Remembering the modes is key to figuring out the command line options necessary to do what you want. In addition to the mode, you will also want to make sure you remember where to specify the name of the archive, as you may be entering multiple file names on a command line.

Here, we show a tar file, also called a tarball, being created from multiple access logs.

bob:tmp $ tar -cf access_logs.tar access_log*
bob:tmp $ ls -l access_logs.tar
-rw-rw-r-- 1 sean sean 542720 Oct 12 21:42 access_logs.tar

Creating an archive requires two named options. The first, c, specifies the mode. The second, f, tells tar to expect a file name as the next argument. The first argument in the example above creates an archive called access_logs.tar. The remaining arguments are all taken to be input file names, either as a wildcard, a list of files, or both. In this example, we use the wildcard option to include all files that begin with access_log.

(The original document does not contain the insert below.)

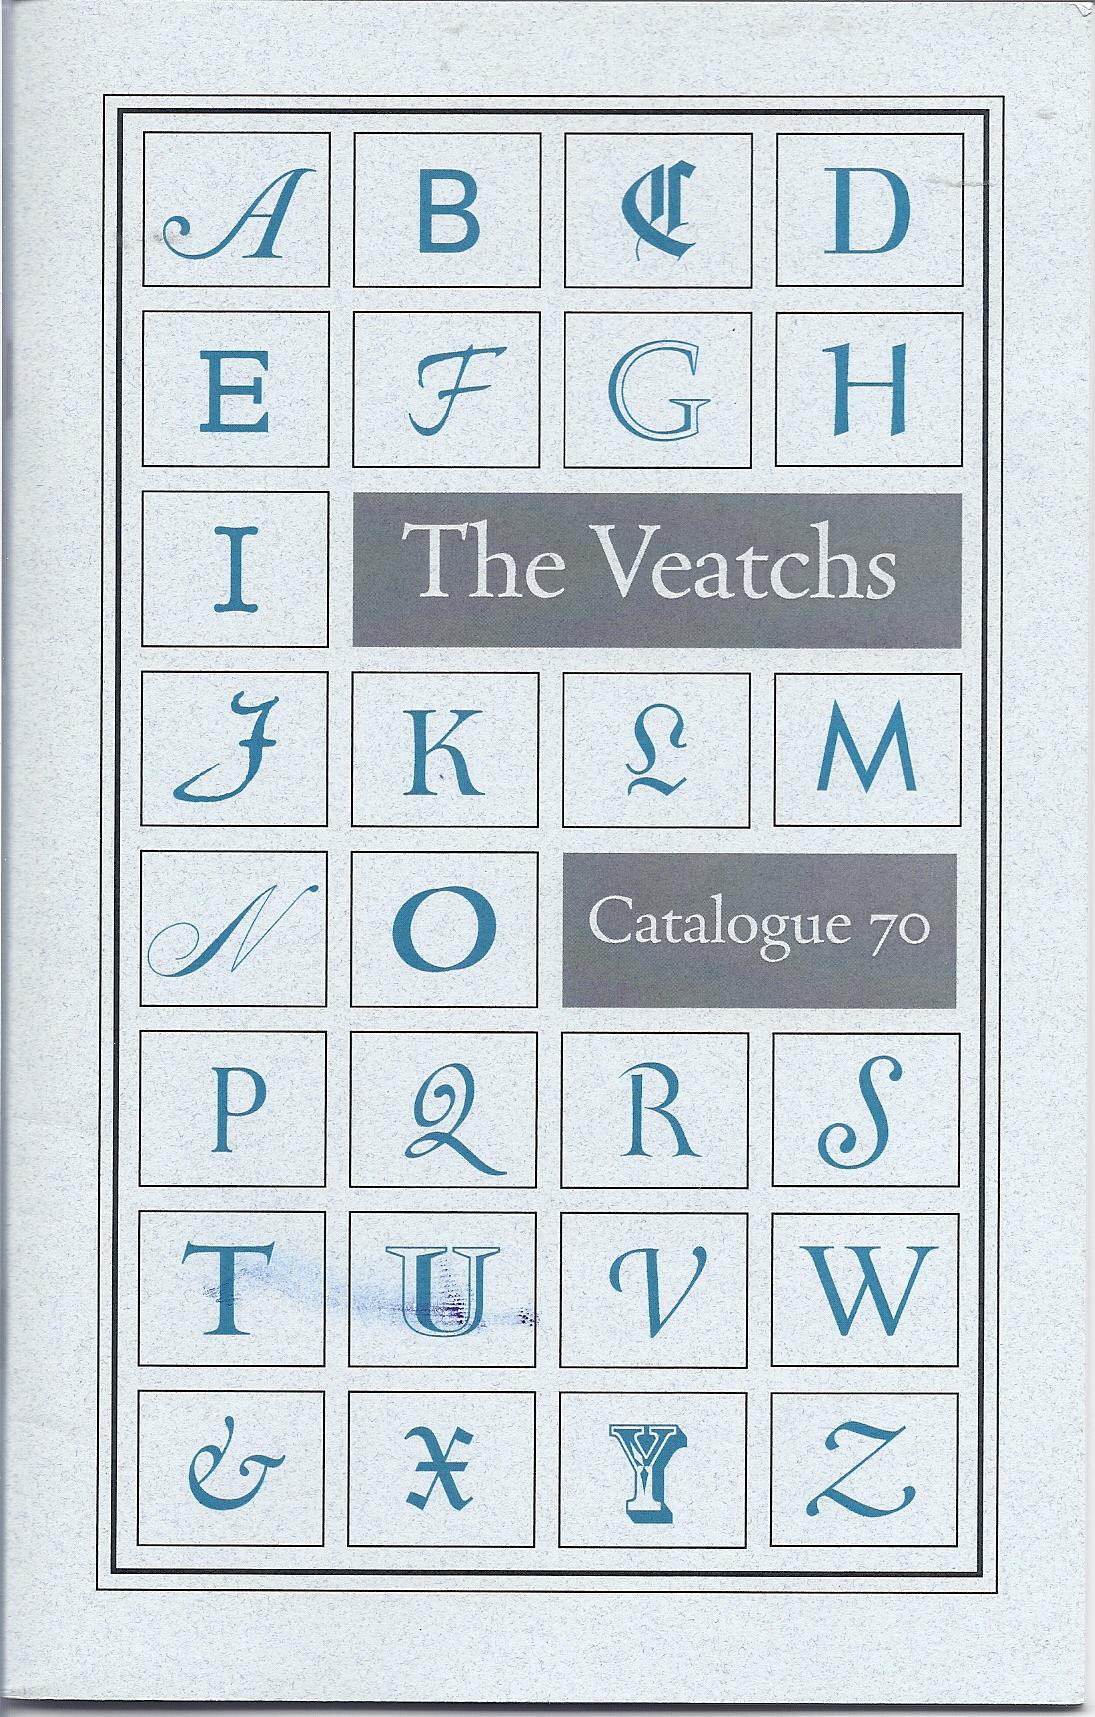 Veatchs70

The example above does a long directory listing of the created file. The final size is 542,720 bytes which is slightly larger than the input files. Tarballs can be compressed for easier transport, either by gzipping the archive or by having tar do it with the z flag as follows:

bob:tmp $ tar -czf access_logs.tar.gz  access_log*
bob:tmp $ ls -l access_logs.tar.gz
-rw-rw-r-- 1 sean sean 46229 Oct 12 21:50 access_logs.tar.gz
bob:tmp $ gzip -l access_logs.tar.gz
         compressed        uncompressed  ratio uncompressed_name
              46229              542720  91.5% access_logs.tar

The example above shows the same command as the prior example, but with the addition of the z parameter. The output is much smaller than the tarball itself, and the resulting file is compatible with gzip. You can see from the last command that the uncompressed file is the same size as it would be if you tarred it in a separate step.

While UNIX doesn’t treat file extensions specially, the convention is to use .tar for tar files, and .tar.gz or .tgz for compressed tar files. You can use bzip2 instead of gzip by substituting the letter z for j and using .tar.bz2, .tbz, or .tbz2 for a file extension (e.g. tar –cjf file.tbz access_log*).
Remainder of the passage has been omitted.